He was an American author whose real name was William Sydney Porter. He was born September 11, 1862, in the quiet little village of Greensboro in North Carolina. He fell ill with a bad lung in 1882 and left North Carolina for a ranch in Texas where he worked as a cowboy. He recovered his health and later worked as a newspaper reporter.
In 1894 he became proprietor and editor of a humorous weekly entitled The Rolling Stone. He was, for a short while, a bank clerk but the bank failed and later he was falsely charged with the embezzlement of the small amount of money.
He was on his way to stand trial but boarded the wrong train and ran away to Central America. It was then that he took to the outlaw trail and for twelve months, was either at sea with smugglers or riding with bandits.
It was when he heard that his wife was seriously ill that Porter returned to Texas and surrendered to the law. He was allowed to stay with his wife until she died and he was unjustly sentenced to five years’ imprisonment.
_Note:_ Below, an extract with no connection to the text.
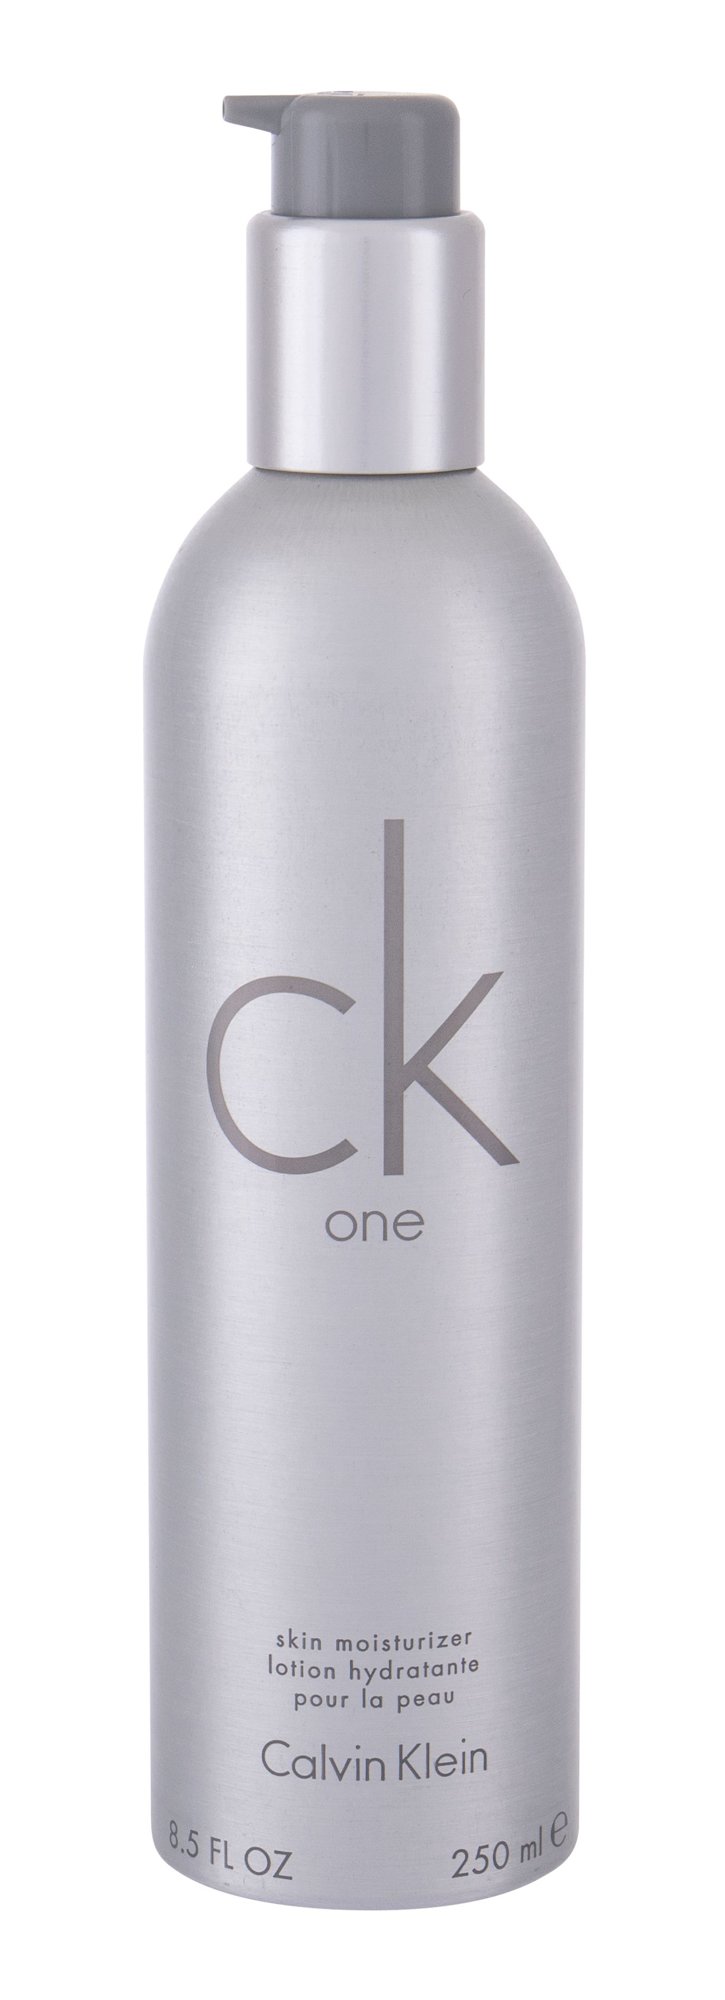 Calvin Klein CK One 250ml kūno losjonas

He wrote the first of his famous short stories while he was in the penitentiary. It was now that he adopted the penname of O Henry, sending his stories through a sister living in Pittsburgh, to various magazines.
He was released in 1902 after serving a minimum term of imprisonment and he went to New York, sure of a welcome from editors who had been buying his work. His first book of short stories, Cabbages and Kings, was published in 1904. This was largely based on his own adventures in Texas and Central America. Then he turned his hand to tales of New York City and in particular, to the poor people who dwelt there. His stories could be wry, thrilling and amusing in turn, with O Henry making the most of a vast canvas of fascinating characters.
Although he became the most popular short story writer of the time, he was always modestly paid and being a generous man, was constantly having to pour out material to make ends meet. It is on record that at certain times he turned out as many as fifty stories a year. He made famous the dramatic twist at the end of a story that was copied by many authors after him. O Henry died June 5, 1910.